The Noble Nature
by Ben Jonson
It is not growing like a tree
In bulk, doth make man better be
Or standing long an oak, three hundred year,
To fall a log at last, dry, bald, and sere:
A lily of a day is fairer far in May
Although it fall and die that night -
It was the plant and flower of the light.
In small proportions we just beauties see;
And in short measures life may perfect be.
When we talk about philanthropy, legacies, major gifts, or the "hyper-agency" (Paul Schervish's term) of big donors we lead most often to hubris, or immortality strivings. We talk big about permanence and scope and effect. We inflate the donor and monumentalize the gift. I can hear the wise donor murmur the final two lines of "The Noble Nature," under her breath as she signs the papers and tunes out the officious flattery: "In small measure we just beauties see;/ And in short measure life may perfect be." Immortality may be a crude egoisitc dream in comparison.
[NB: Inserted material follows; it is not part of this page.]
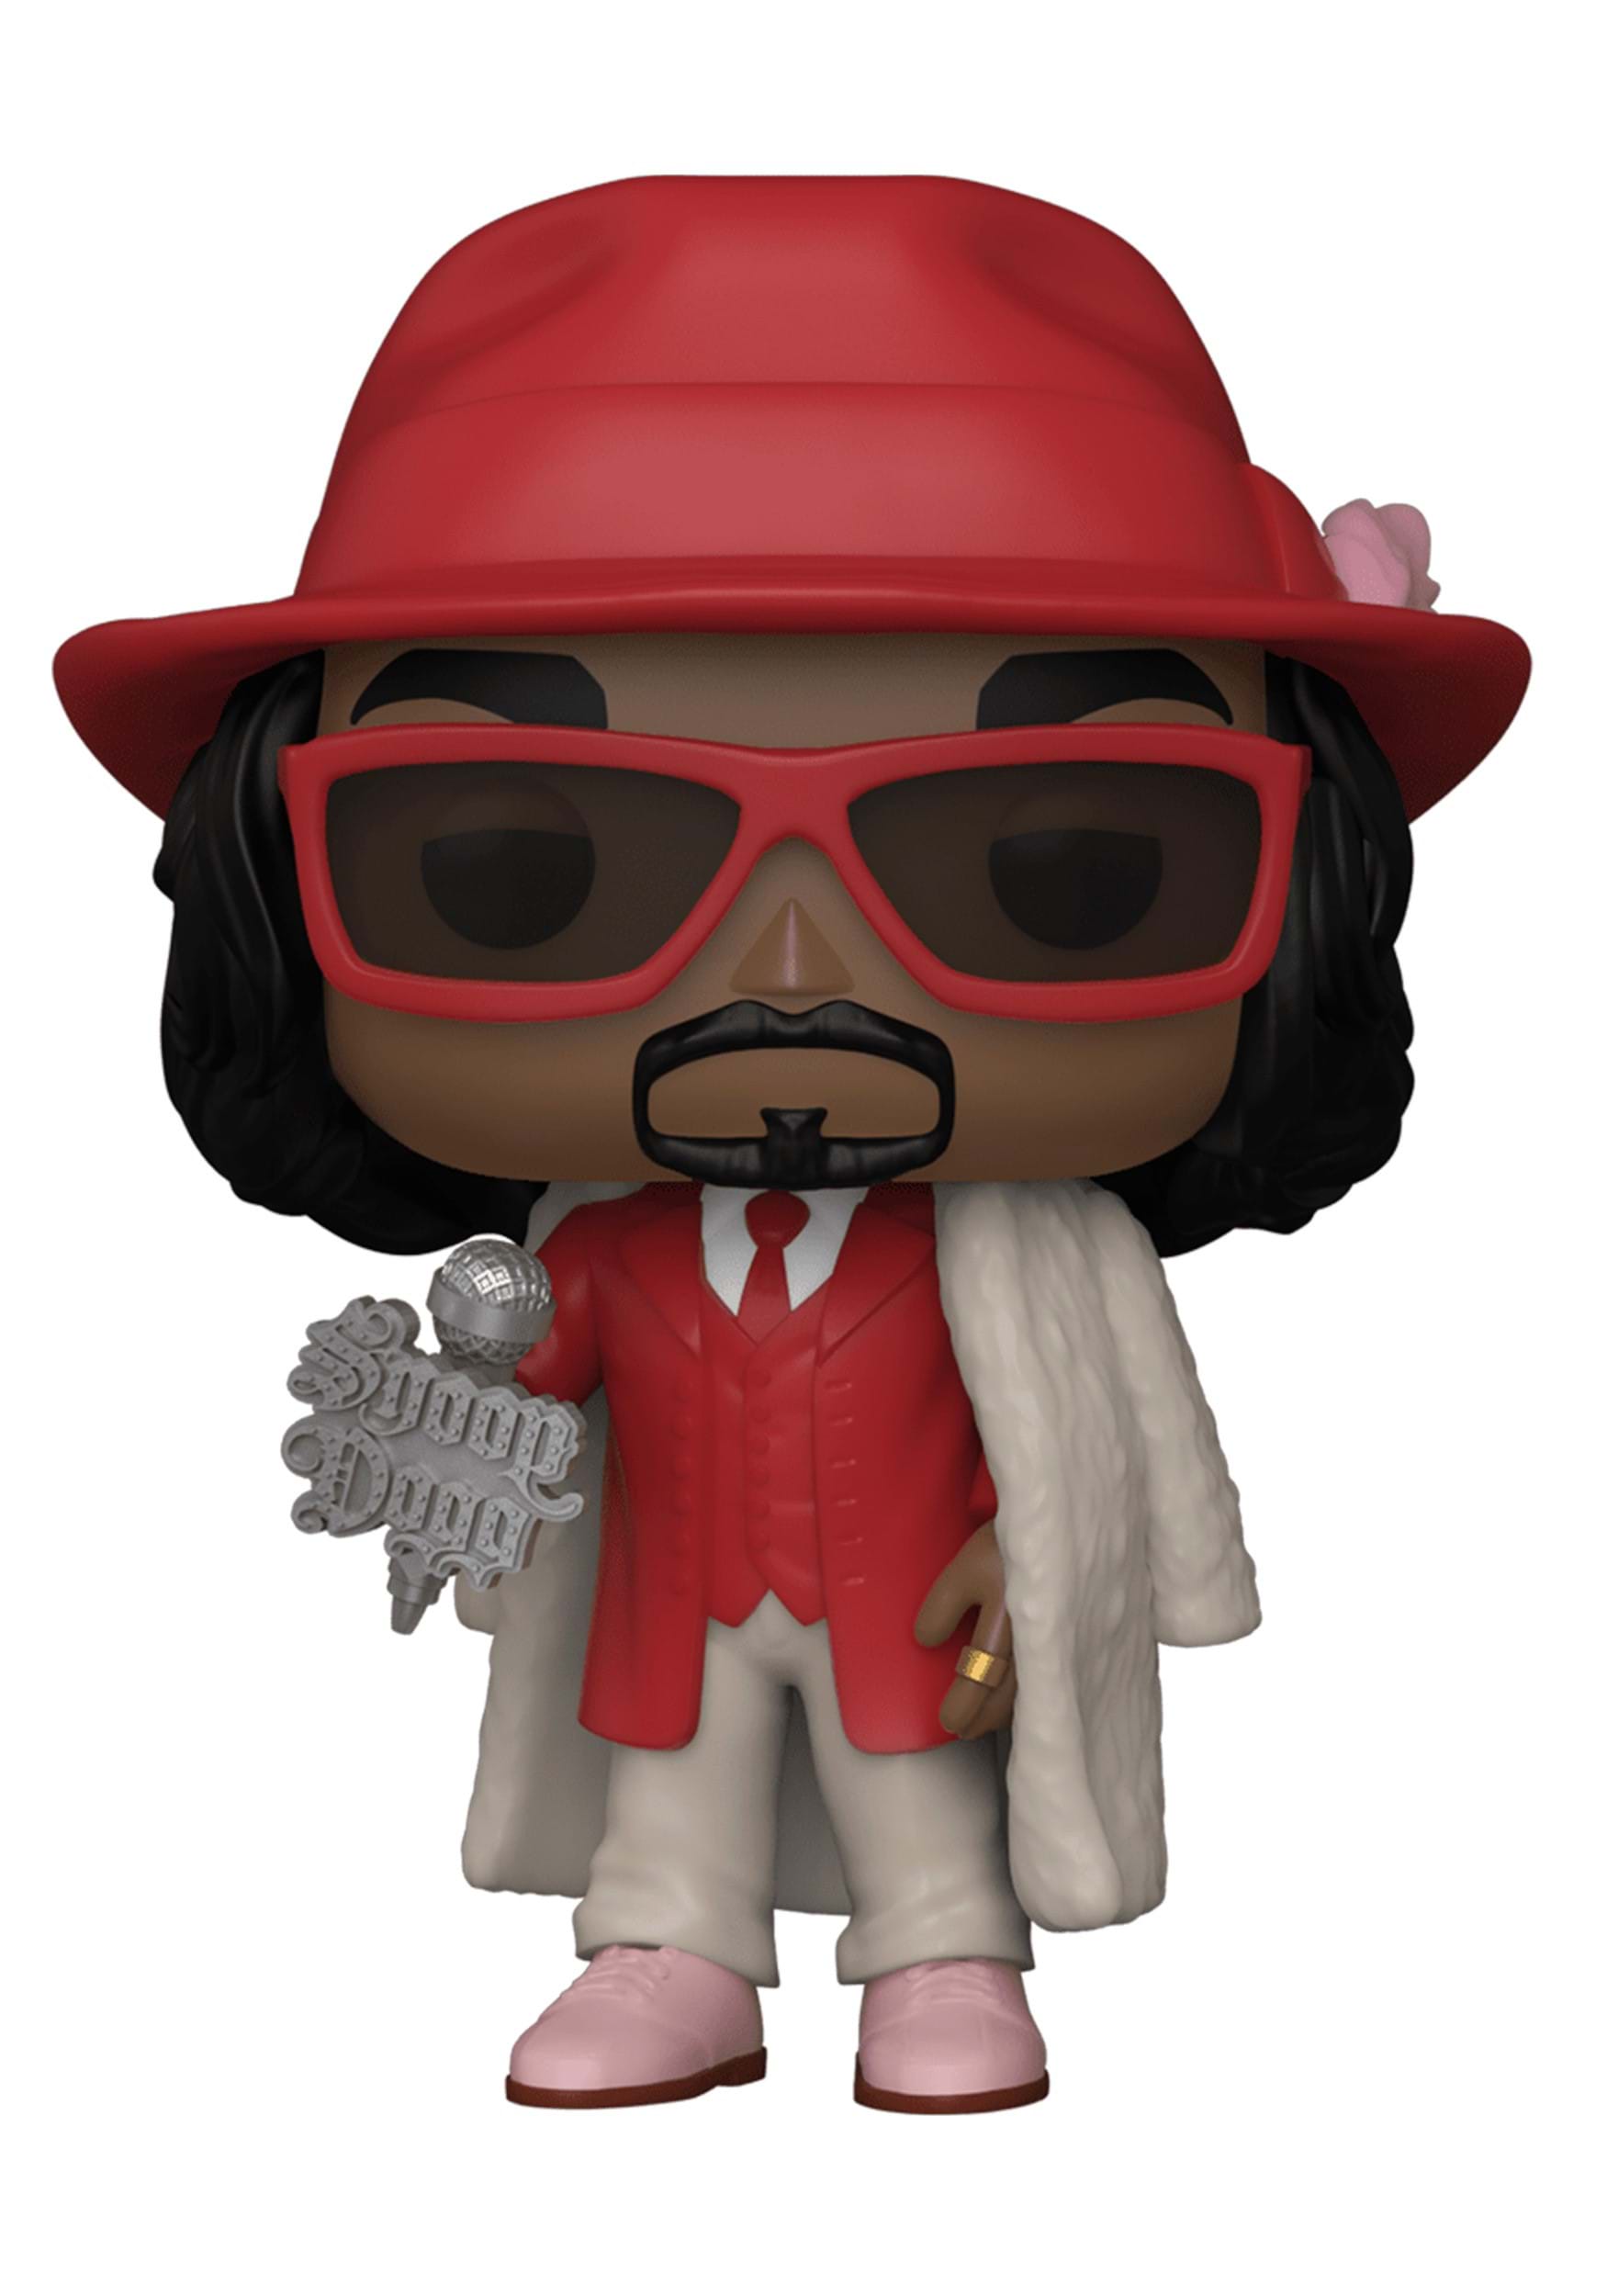 Funko POP! Rocks: Snoop Dogg with Fur Coat

The title of the poem seems right, but Jonson might have mined the final aphoristic couplet and promoted to the title the lapidary phrase: "just beauties." In a noble gift, small or large, "we just beauties see...."
"And in short measures life may perfect be." Yes, but not exactly what we mean today when we talk of outcomes, measurement, and management. How much we have lost, haven't we, of what might have been our Noble Nature? You can't hardly measure how far we have fallen, into the businesslike, can you, since Jonson wrote so limpedly in imitation of the ancients? I can only imagine the modern reader's eyes skidding across the short elegant lines, seeking some purchase.
Likewise to those advisors to wealth, like James Hughes, who believe that it is noble to create an Aristocracy of dynastic wealth that will stand like an oak, or copper beach, for three hundred years, I might say, "Think smaller." Much smaller. Try for nobility for even one afternoon. "Just beauties" are found in all ranks, in a lilly of a day, no less than a beech, in a moment, no less than a monument, in a butler no less than his master. (Jonson, author of "Penshurst," a near deification of Sir Philip Sidney, might disagree with my passionate defense of bumpkins. See this post at The World We Want on H. Peter Karoff's meditation on the Rockefeller estate at Kykuit, for further glimpses of the intersection of aristocratic and democratic traditions. What is our Noble Nature, we of common blood? Whose gifts are those of, say, a poet, I wonder. If we are going to do aristocracy, let's do it right. The most noble people I have known wear shirtsleeves from one generation to the next, or better yet, like Tracy Gary doff the advantages of wealth and status to pass for ordinary, out of respect for what we all have in common. All praise to those who adapt the best of the noble traditions to this our bumptious democracy.)